Un mexicano llamado Remigio Ángel González es el patrón de un conglomerado que se define a sí mismo como “la única red operadora de televisión y radio en Latinoamérica”, al mando de decenas de medios en casi todos los países del continente desde el río Bravo hasta Tierra del Fuego. Lo más parecido a William Randolph Hearst o a Rupert Murdoch que haya habido por estas latitudes, con un capital que anda en el orden de los miles de millones de dólares y una fortuna personal de andá a saber cuánto. Hace dos años y pico compró una decena de radios en Uruguay, aunque las leyes prohíben que alguien posea más de tres. Recurrió a testaferros, así que no importó si también está prohibido que un extranjero sea propietario de medios electrónicos. Dispuso despidos y apretujó a la mayoría de los empleados en el mismo edificio. Y ahora mandó a tanta gente a la calle que algunas de sus radios son manejadas por computadoras. Los representantes de Remigio Ángel González lloraron la milonga cuando comunicó los despidos, pero Remigio Ángel González, quien vive en Miami y a quien apodan El Fantasma, sigue igual de superhiperrecontramillonario.
Es que, en Uruguay, las leyes sobre radiodifusión existen solo en el papel. Nunca se cumplieron. Acá las radioemisoras y los canales de televisión se compran y se venden con un par de sellos más que los requeridos para un apartamento, aunque las normas ordenan que las licencias son personales e intransferibles.
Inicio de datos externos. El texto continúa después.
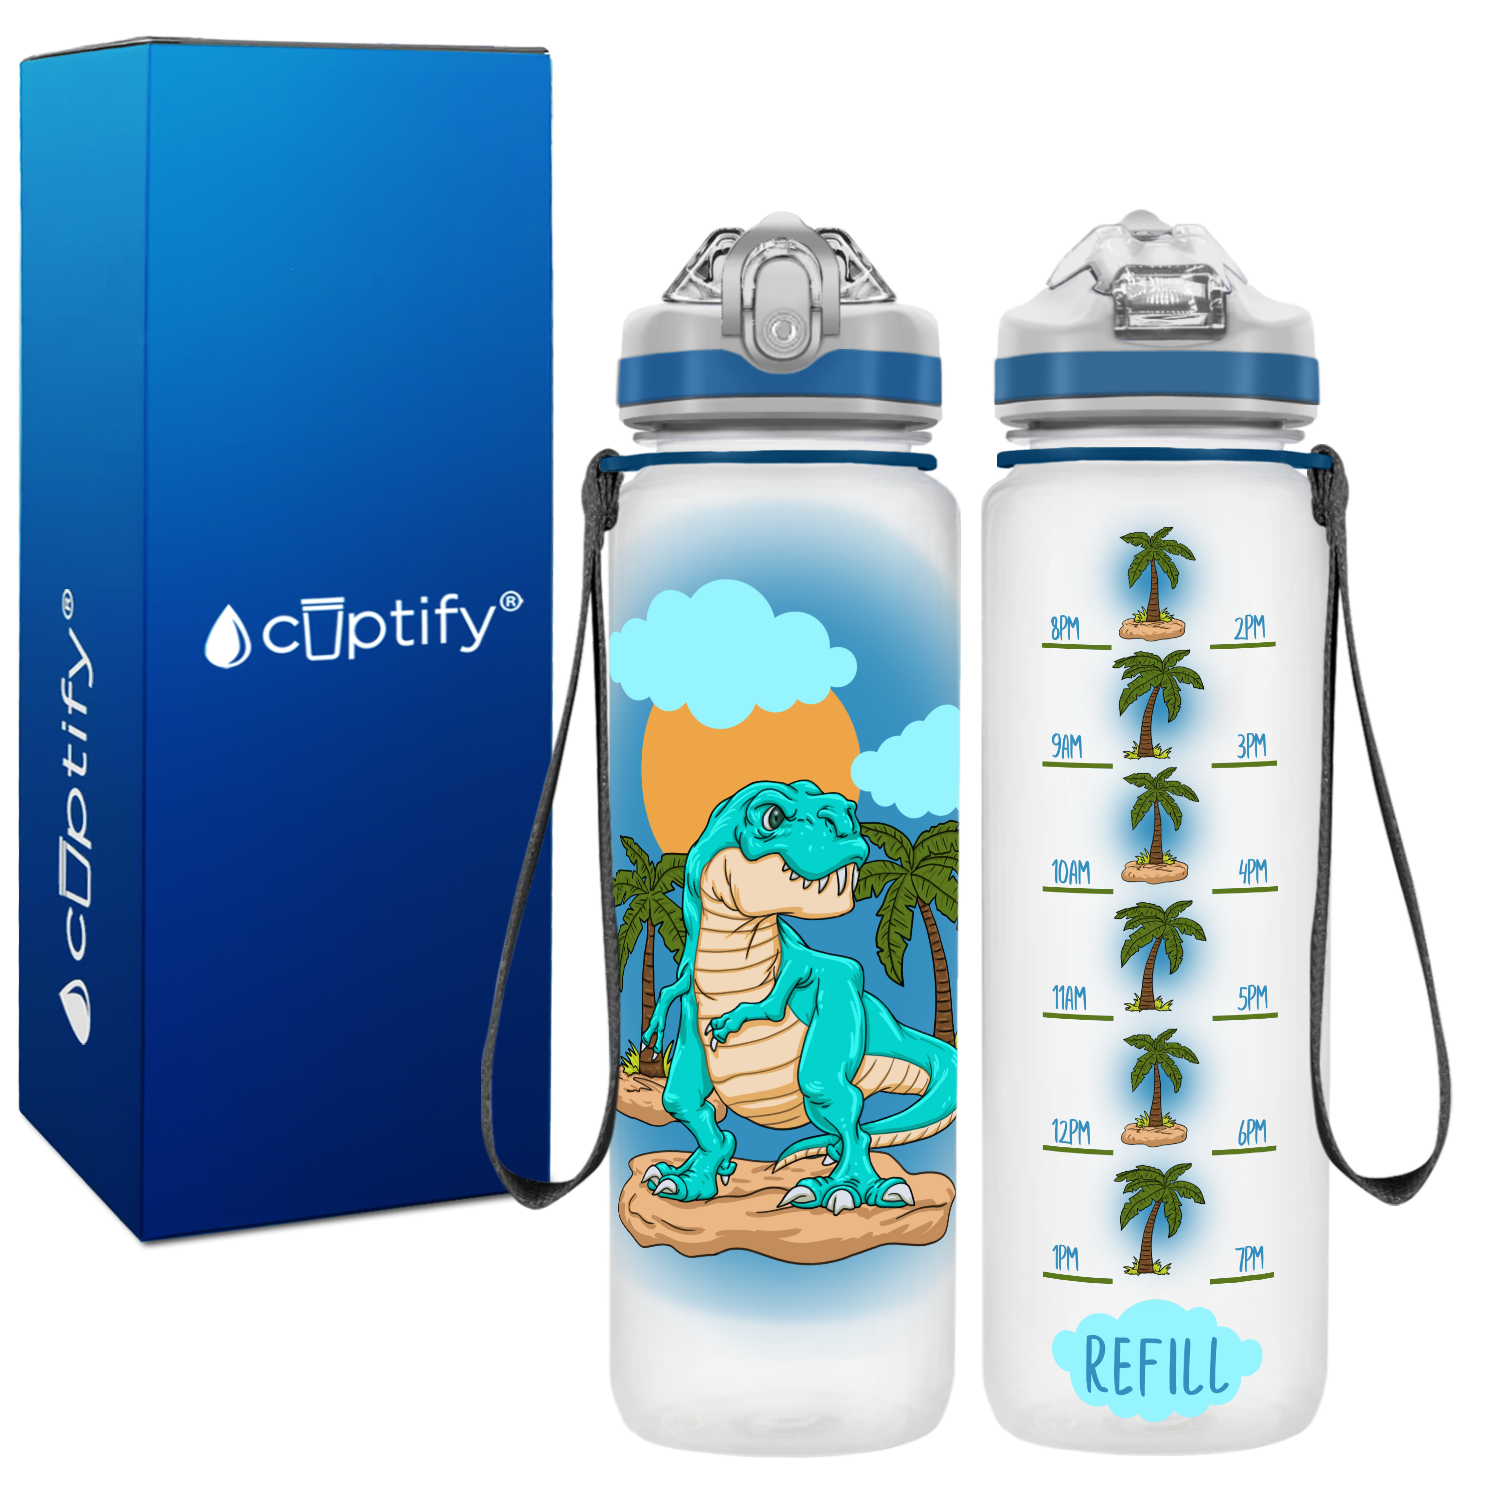 Personalized Kids Water Bottle - Hands Off

Emiten más publicidad de la admitida, a veces en medio de los programas, y suelen pasar por alto el horario de protección al menor. Actúan con una impunidad de origen: gobiernos pasados tenían la costumbre de asignar licencias como pago de favores políticos o de mamaderismos futuros. Y por eso se les ha dejado hacer cualquier cosa.
Igual, aunque se cumplieran, las leyes que hay serían insuficientes. Las licencias son perpetuas. A las empresas no se les exige nada, ni siquiera el pago de un canon como el que se cobra en otros sectores que explotan un bien perteneciente a toda la sociedad en cuyo nombre lo administra el Estado, como las riquezas minerales. Cabalgando sobre las ondas, supuestas iglesias practican la medicina clandestina, cobro de órdenes y tickets incluido y supuestos call centers te facturan falsas promesas de amor y sexo fácil. Hay, incluso, radioemisoras-conventillo o de alta rotatividad que alquilan cada una de sus horas de emisión a quien tenga la plata para pagarlo.
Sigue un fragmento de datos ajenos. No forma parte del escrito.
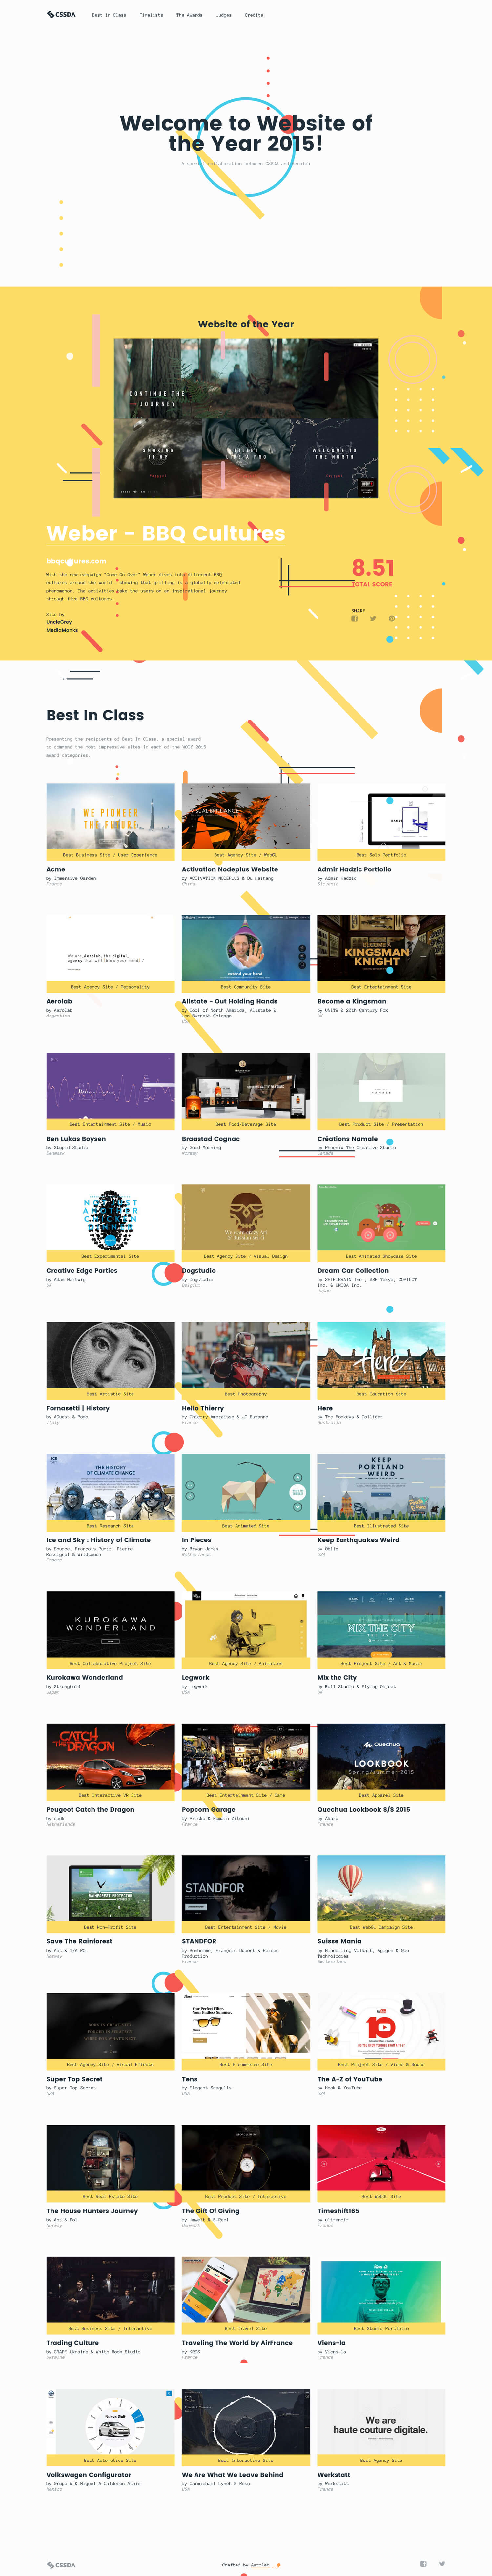 Website of the Year 2015 – CSS Design Awards

El año pasado, durante unas pocas semanas, pareció que los planetas empezaban a alinearse de un modo distinto, mejor. A mediados de 2010, las empresas de radio y televisión, el Estado, el sindicato de la prensa, emisoras comunitarias y las universidades, entre otros actores del área, mostraban avances hacia un acuerdo sobre una serie de normas que pusieran un poco de orden en ese marasmo. La idea, bastante consensuada, consistía en establecer garantías de diversidad y exigencias mínimas de responsabilidad social a las empresas, para con el público y para con los empleados.
Las discusiones oficiales en el ámbito del Ministerio de Industria ya habían progresado un buen trecho en diciembre pasado. Pero el presidente José Mujica le dijo entonces al diario argentino La Nación que lo tenían “podrido” con preguntas sobre las propuestas de legislación en la materia. “Al presidente de la República no le ha llegado absolutamente nada, y el día que le llegue ya ha dicho que va a tirarla a la papelera”, rezongó. Uno de los habituales enigmas a la Mujica, en los que caben dos posibles respuestas: o el presidente ignora lo que sucede en su propio gobierno o le está poniendo el freno a alguno de sus componentes.
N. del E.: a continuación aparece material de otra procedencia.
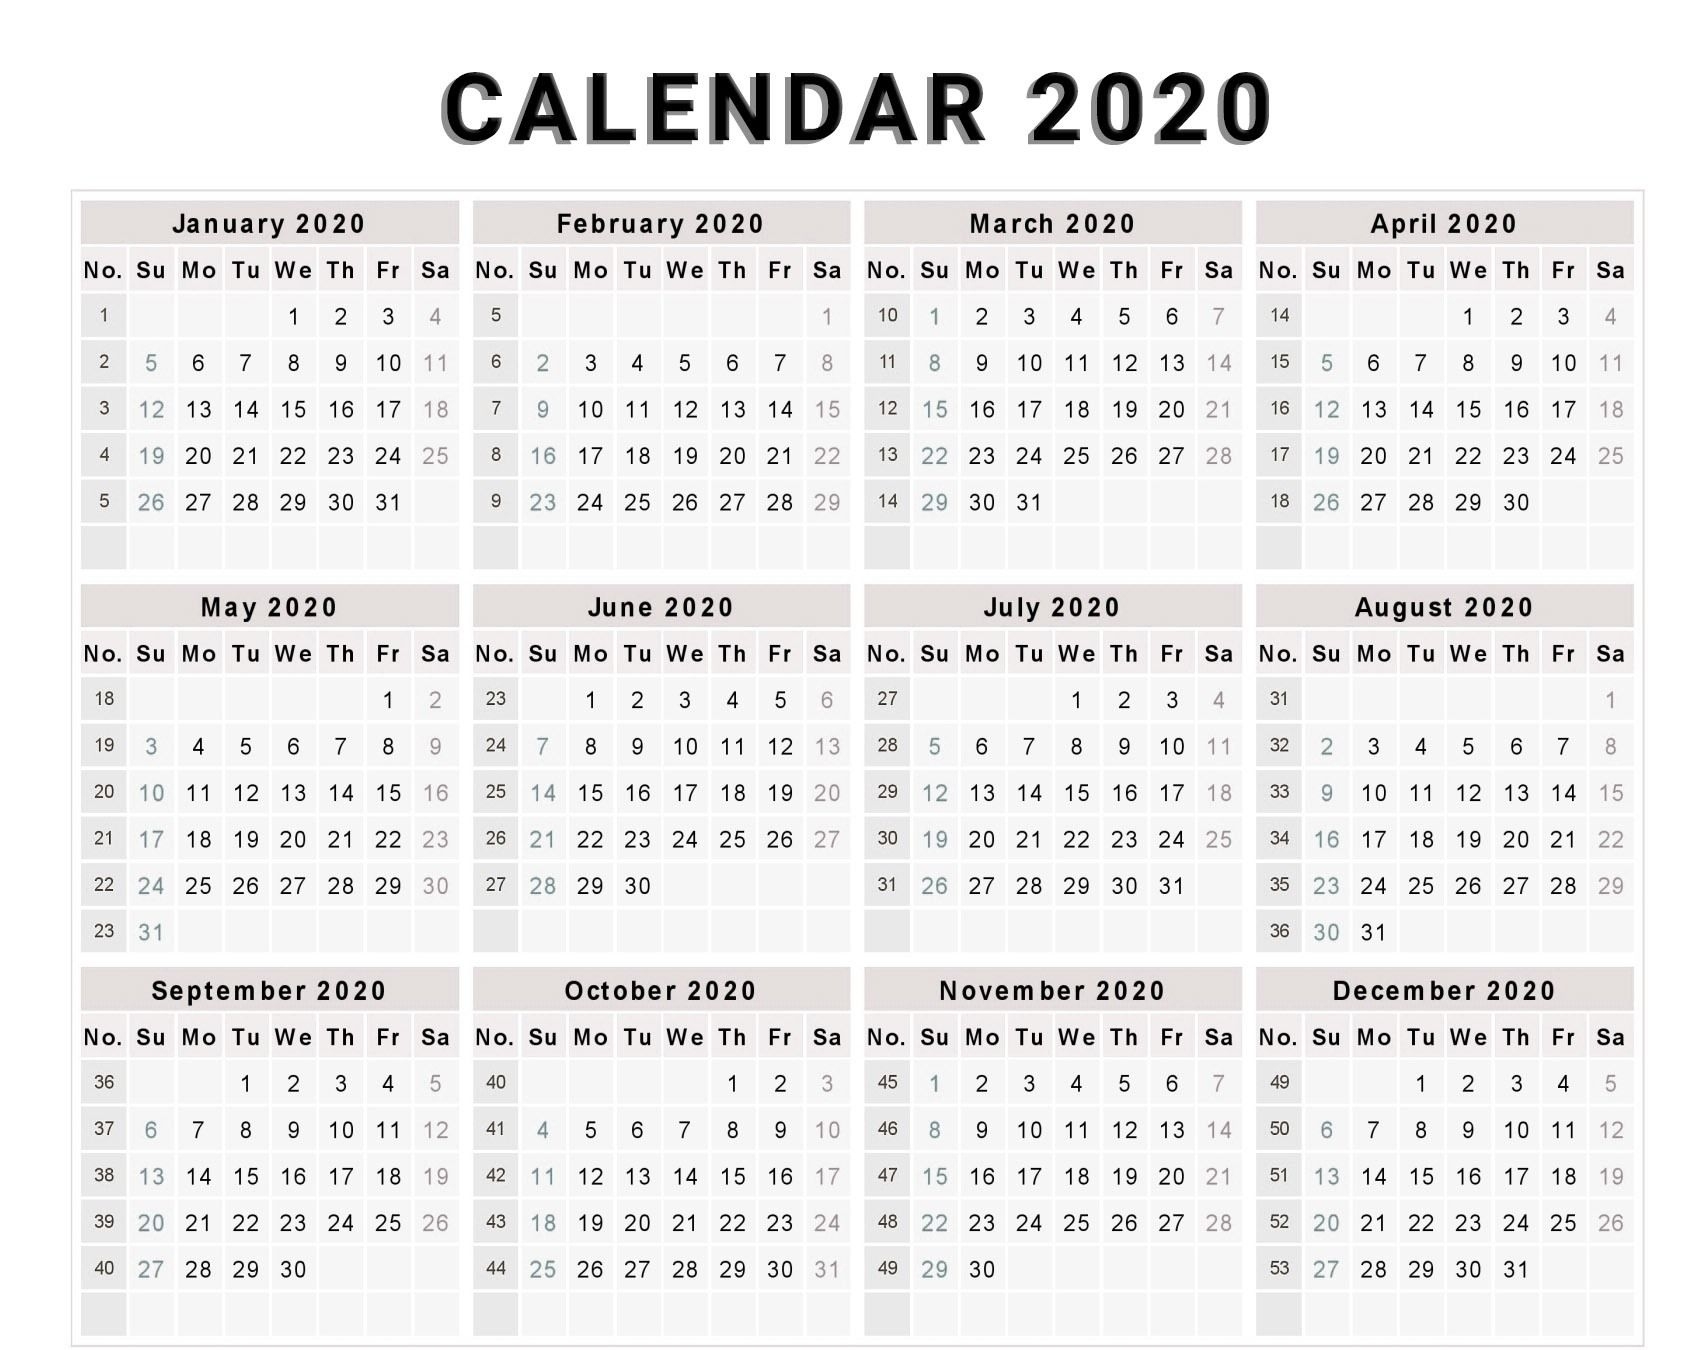 2020 Calendar Printable With Numbered Days | Monthly Dashing 2020 Calendar With Days Numbered

Queriendo o sin querer, el ministro de Industria, Roberto Kreimerman, fortaleció la segunda hipótesis en agosto, al anunciar el relevo del director nacional de Telecomunicaciones, Gustavo Gómez, uno de los principales animadores de las negociaciones y tal vez el responsable de haber acercado posiciones que antes parecían antagónicas.
Queriendo o sin querer, con esa acción el gobierno les estaba diciendo a Remigio Ángel González y a los más modestos broadcasters autóctonos que no tenía apuro en regular el espacio herziano, que podrían seguir ahorrando en personal y abaratando costos en detrimento de la calidad de su programación y de la variedad de contenidos y enfoques. Que nada haría peligrar sus negocios en un país donde, a pesar de lo limitado del mercado y de los constantes llantos, tener un canal de televisión o una radioemisora es flor de negocio.
A Mujica suele reprochársele que hable demasiado antes de actuar como gobernante. Pero con las palabras también se gobierna. En este caso, la señal de ajuste quedó clarita: el gobierno no quiere llevarse mal con los medios y les reconoce la potestad de manejarse con arbitrariedad y mala onda. Remigio Ángel González la sintonizó bien. Tal vez además entienda que a este gobierno le quedó debiendo un favor.